I'm not sure if I'll have time to investigate this in depth for a while, unfortunately.
Ok, I had a few minutes to kick off some benchmarks in the background. Interestingly, I'm seeing an even bigger per-inhibit rule performance improvement. I really don't know what's causing this...
│ main-with-index.txt │ icache-with-first-result.txt │
│ sec/op │ sec/op vs base │
Mutes/1_inhibition_rule,_1_inhibiting_alert-4 3.726µ ± 35% 1.381µ ± 19% -62.93% (p=0.002 n=6)

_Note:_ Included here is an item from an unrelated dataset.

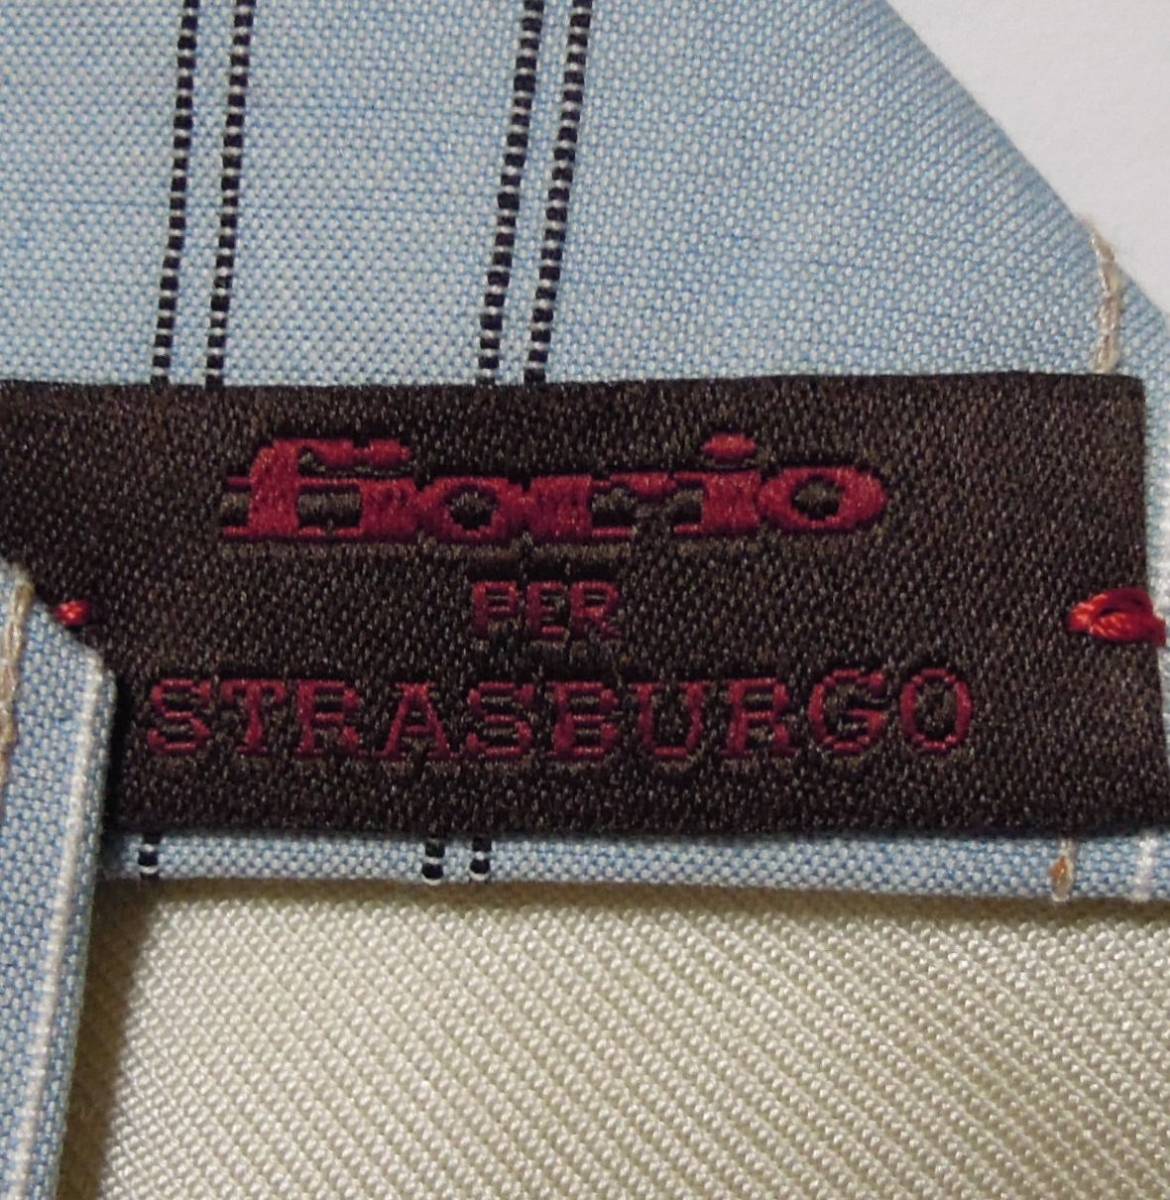  новый товар -тактный lasbrugo покупка обычная цена 17,600 иен FIORIO /fio rio хлопок мульти- полоса галстук sax

Mutes/10_inhibition_rules,_1_inhibiting_alert-4 3.359µ ± 16% 1.448µ ± 17% -56.89% (p=0.002 n=6)
Mutes/100_inhibition_rules,_1_inhibiting_alert-4 3.714µ ± 31% 1.431µ ± 10% -61.48% (p=0.002 n=6)
Mutes/1000_inhibition_rules,_1_inhibiting_alert-4 3.696µ ± 22% 1.498µ ± 25% -59.47% (p=0.002 n=6)
Mutes/10000_inhibition_rules,_1_inhibiting_alert-4 8.774µ ± 154% 1.484µ ± 56% -83.09% (p=0.002 n=6)
Mutes/1_inhibition_rule,_10_inhibiting_alerts-4 3.954µ ± 20% 1.498µ ± 13% -62.12% (p=0.002 n=6)
Mutes/1_inhibition_rule,_100_inhibiting_alerts-4 3.607µ ± 7% 1.552µ ± 35% -56.97% (p=0.002 n=6)
Mutes/1_inhibition_rule,_1000_inhibiting_alerts-4 3.716µ ± 13% 1.468µ ± 8% -60.50% (p=0.002 n=6)
Mutes/1_inhibition_rule,_10000_inhibiting_alerts-4 3.418µ ± 13% 1.506µ ± 28% -55.94% (p=0.002 n=6)
Mutes/100_inhibition_rules,_1000_inhibiting_alerts-4 3.669µ ± 25% 1.329µ ± 22% -63.77% (p=0.002 n=6)
Mutes/10_inhibition_rules,_last_rule_matches-4 16.239µ ± 6% 1.664µ ± 6% -89.76% (p=0.002 n=6)
Mutes/100_inhibition_rules,_last_rule_matches-4 147.144µ ± 18% 4.798µ ± 17% -96.74% (p=0.002 n=6)
Mutes/1000_inhibition_rules,_last_rule_matches-4 1449.51µ ± 7% 31.36µ ± 17% -97.84% (p=0.002 n=6)
Mutes/10000_inhibition_rules,_last_rule_matches-4 16880.0µ ± 43% 302.8µ ± 33% -98.21% (p=0.002 n=6)
Mutes/1_inhibition_rule,_10_inhibiting_alerts_w/_last_match-4 1.793µ ± 8%
Mutes/1_inhibition_rule,_100_inhibiting_alerts_w/_last_match-4 1.902µ ± 11%
Mutes/1_inhibition_rule,_1000_inhibiting_alerts_w/_last_match-4 1.781µ ± 18%
Mutes/1_inhibition_rule,_10000_inhibiting_alerts_w/_last_match-4 1.881µ ± 42%
geomean 15.76µ 2.635µ -81.47%
I'll investigate... Either way, I think we should just build on what we've merged to main rather than try to rebase this onto main.
So... I think that most of the performance difference is actually coming from With calls on Prometheus vectors 😮. My profiler says about 50% of CPU time is spent on this. I'm going to try to refactor a bit so that we already have the references to the right metrics inside the hot path.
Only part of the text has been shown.